Yaratıcı sanatın dijital orjileri

1987’deki ilk İstanbul Bienali’ne katılan çağdaş sanatçı Morellet’yi hiç unutmayacağız.

Necmi Sönmez

François Morellet, İstanbul sanat ortamıyla yakın bir diyalog içinde olan ender uluslararası sanatçılardan biriydi. 1987’de 1. İstanbul Bienali çerçevesinde Aya İrini’de ülkemizde ilk işini sergileyen Morellet, 1994’te Maçka Sanat Galerisi’nde (MSG), 2012’de ise Borusan Contemporary’de kişisel sergiler düzenledi.

Belli bir sanat eğitimi almadan sanatla ilgilenmeye başlayan Morellet, 1926’da Fransa’nın Cholet kentinde doğdu. 1950’de ilk kişisel sergisini Paris’te açan sanatçı, o yıllarda tartışılmaya başlanan “L’Art Contret” akımının öncü sanatçılarından biri olarak çalışmalarını her türlü duygusallık, dışavurumculuktan uzak “sistemler” üzerinde geliştirdi. Geometrik soyutlamayı farklı araştırmalarının odağına yerleştiren Morellet, 1960-68 arasında GRAV grubu üyelerinden biri olarak, yalın formlar üzerine yoğunlaştı.

Çizgilerini 1962’den itibaren mekânlara taşıyarak o yıllarda ‘intervension’, günümüzde ise ‘installation’ olarak isimlendirilen üç boyutlu çalışmalarına başlayan sanatçı, ‘meşhur’ neonlu (1962), geçici siyah bandlı (1968) işlerine o sırada başladı.

Mayıs 1968 hareketi, aynı zamanda sanat ortamını da derinden etkileyerek, görsel araştırmaların, politik, sosyal, ekonomik içerikli olması gerektiğini savunduğunda, yeni bir estetik anlayışın kapılarını aralıyordu. Morellet ise o sırada, geometrinin dekoratif ve kendisini durmadan tekrar eden boyutunu zaten çoktan aşmıştı. Kendine özgü espri anlayışıyla geometrinin ortodoksluğunu etkileyici deneylerle aşan Morellet, 1980 ve 1990’lı yıllarda izleyicilere, hem düşünebilecekleri, hem de keyif alabileceği bir “sistemler dünyası” sunmayı başarmıştı.

1994 MSG katalog yazısı nedeniyle tanıştığım François ile yakınlaşmam, daha sonra Almanya, Avusturya ve Hollanda’da müzelerindeki ortak etkinliklerimiz nedeniyle gelişti. Sanatı, geometri, sistemler ve rakamlar gibi ölçülebilen değerler üzerine kurulu olmasına rağmen, izleyicinin düş gücüne yeni enerjiler taşıyan “tuhaf bir mizah” anlayışı üzerine kuruluydu. Çizgi, form, renk gibi elemanları “sanatsal çerçeveden” çıkarıp, insanın kendi doğasına, dünyasına sokarken François kara mizahın tüm elemanlarını kullanarak, pek az sanatçının başarabildiği “görsel rahatlamayı” devreye sokuyordu.
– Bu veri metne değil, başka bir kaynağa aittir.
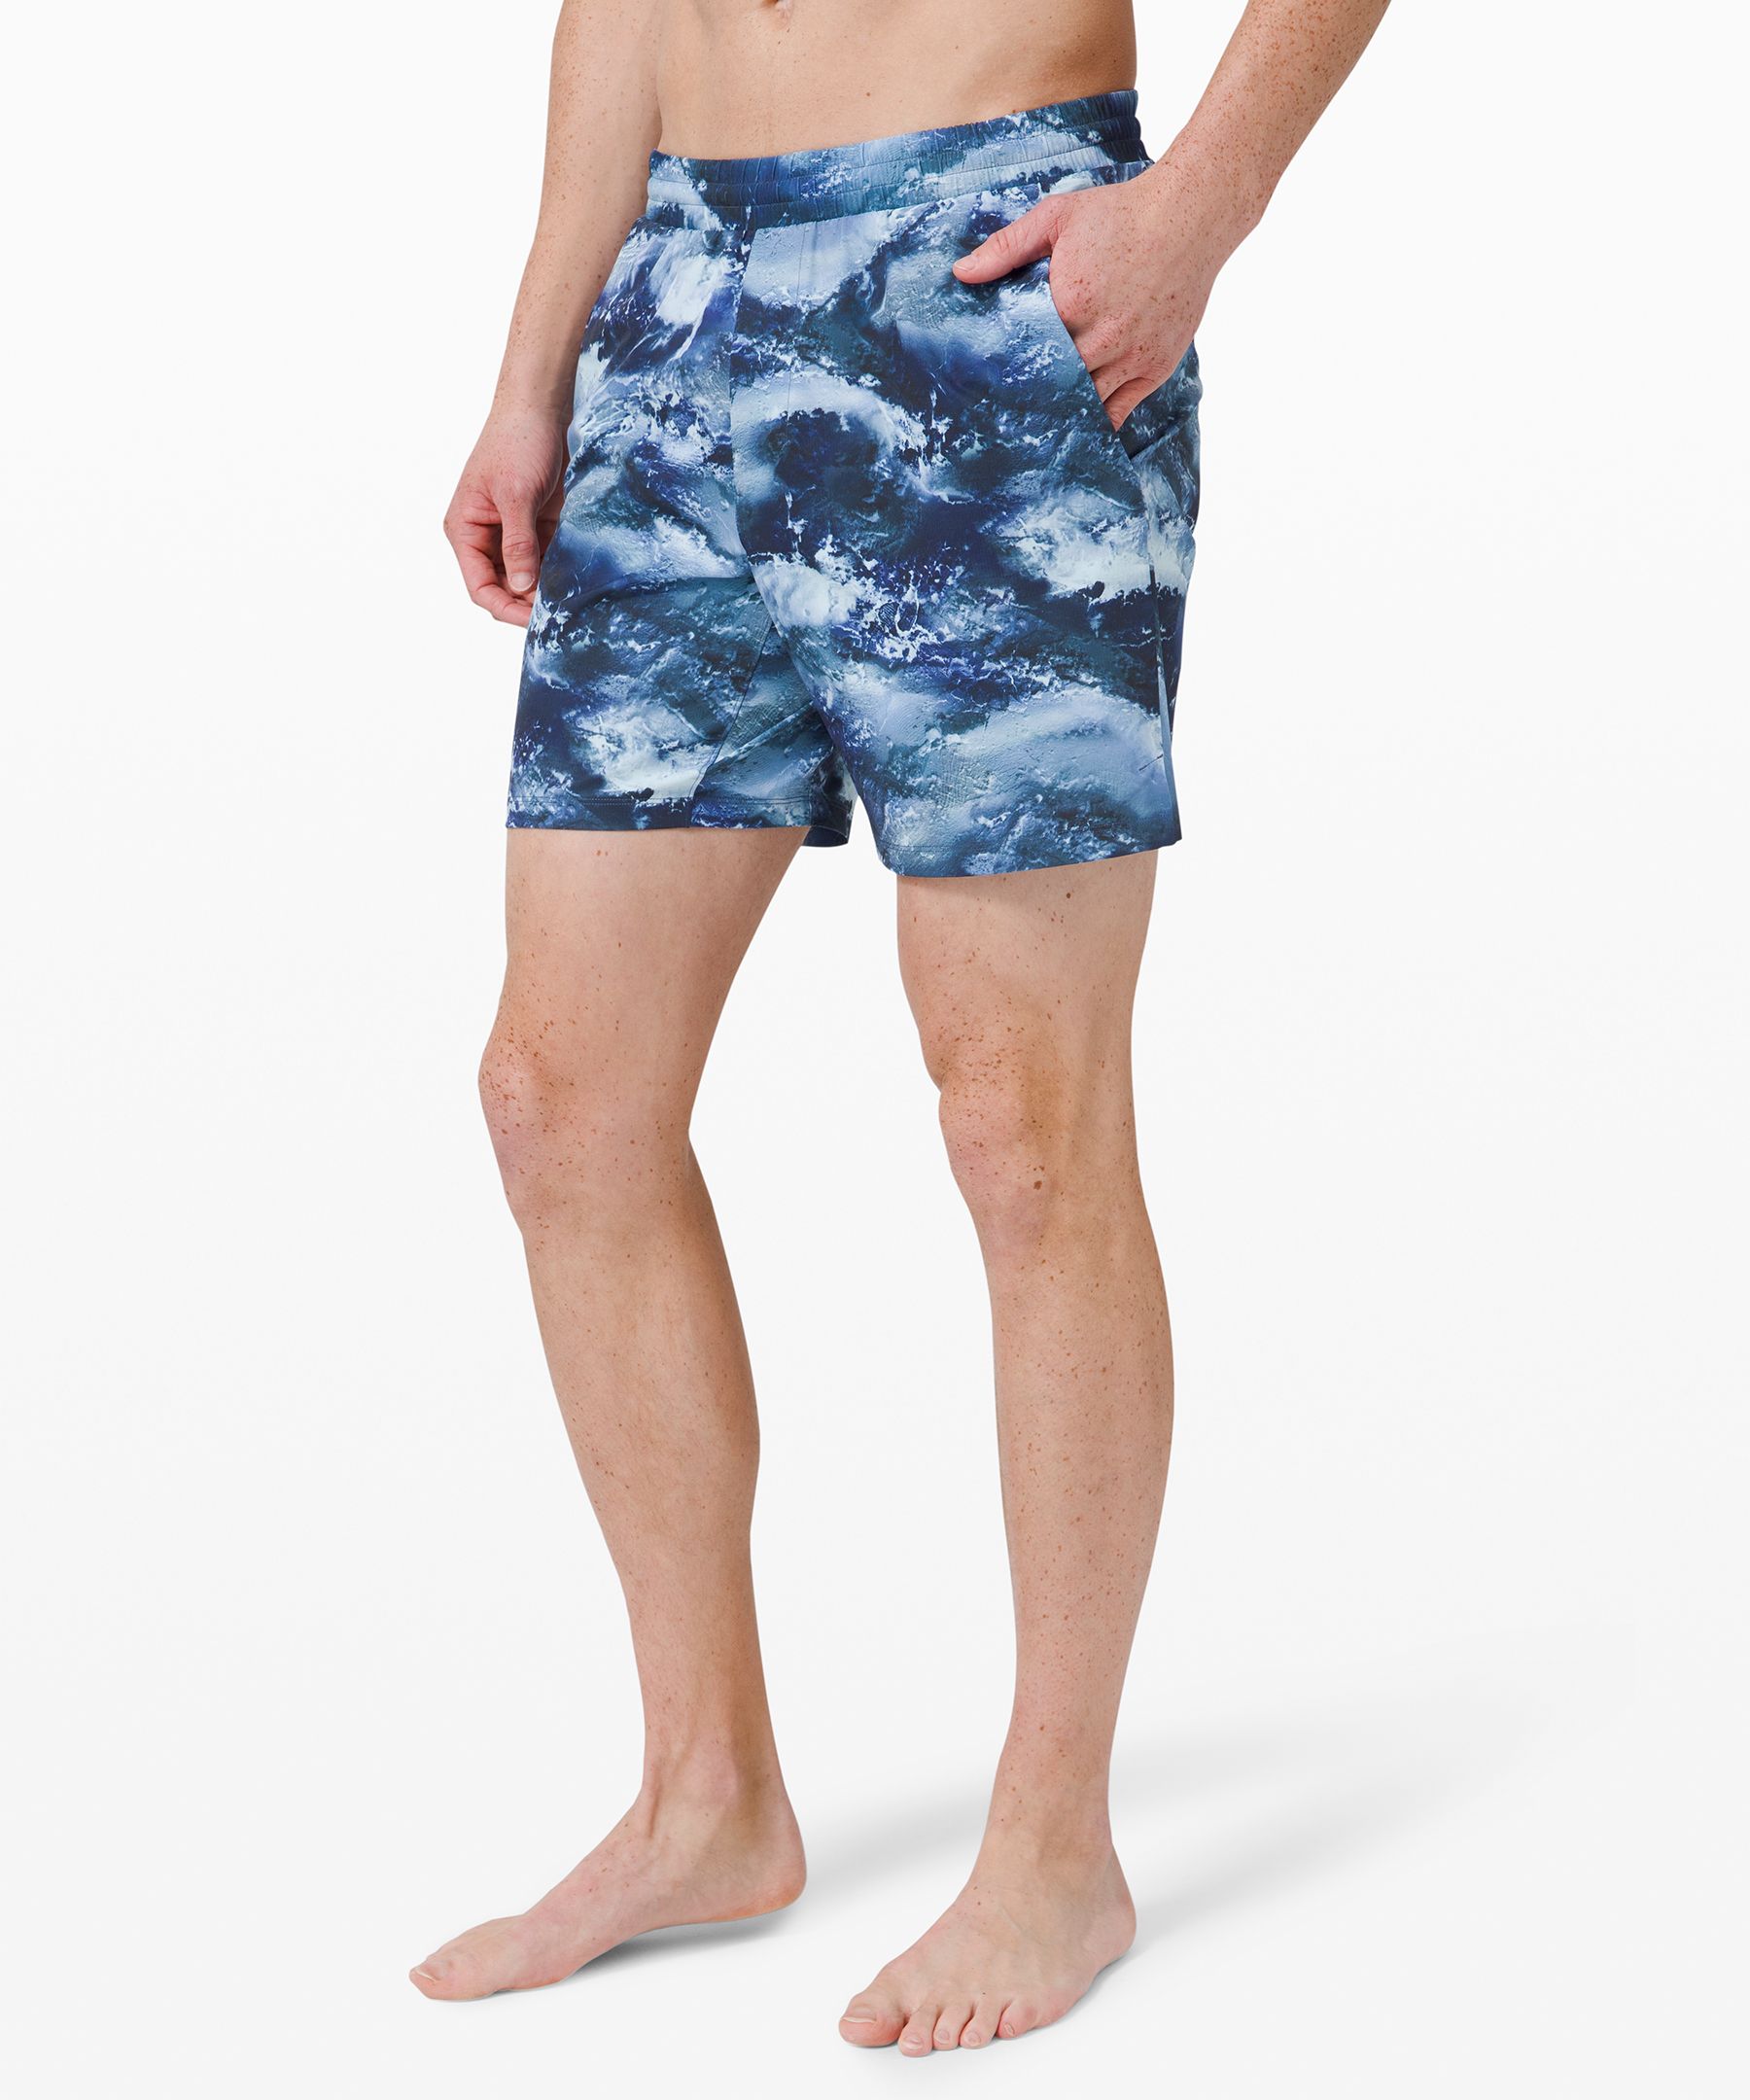 lululemon swim shorts

Neon malzemesini kullanarak geliştirdiği çalışmalarıyla halka açık alanlarda mimarinin detay fetişmine karşı çıkan deneylere giren François, ‘elektriğin ışığı’ olarak tanımladığı bu malzemeyi, hafifliği ve yalınlığı nedeniyle çok seviyordu. 2012’de Cholet’de kendisini ziyaret ettiğimde, bilgisayarların yaratıcı özelliklerinin sanatçıların çalışmalarını sollayacağını söylüyordu. Doksan yaşına merdiven dayamış bir sanatçıdan bu sözleri duyduğumda şaşırmıştım, kendimi tutamayarak, herhalde espri yapıyorsun dediğimde, tüm ciddiyetiyle “dijital devrimlerin sanatın ve hayatın tüm tozunu silip süreceğini, kendimizi dijital orjilere” hazırlamamız gerektiğini” söyledi. Benim fukara Fransızcamla gırgır geçmeyi sevdiği için ne demek “dijital orji” diye sorunca, büyük bir ciddiyetle yarım saati geçen bir açıklama yaptı.

François Morellet, sistemleri yaratan insanın, bu sistemlerin kölesi olmaması gerektiğini savunurken, hayatın gerçeklerinin üzerine farklı gerçekler yüklemenin hatalı olacağını düşünüyordu. Sanat eserleriyle “anlamların yükünü” kaldırıp, kara mizahın gücünü, neon ışığının büyüsüyle birleştirmeyi başaran sanatçıyı hiç unutmayacağız.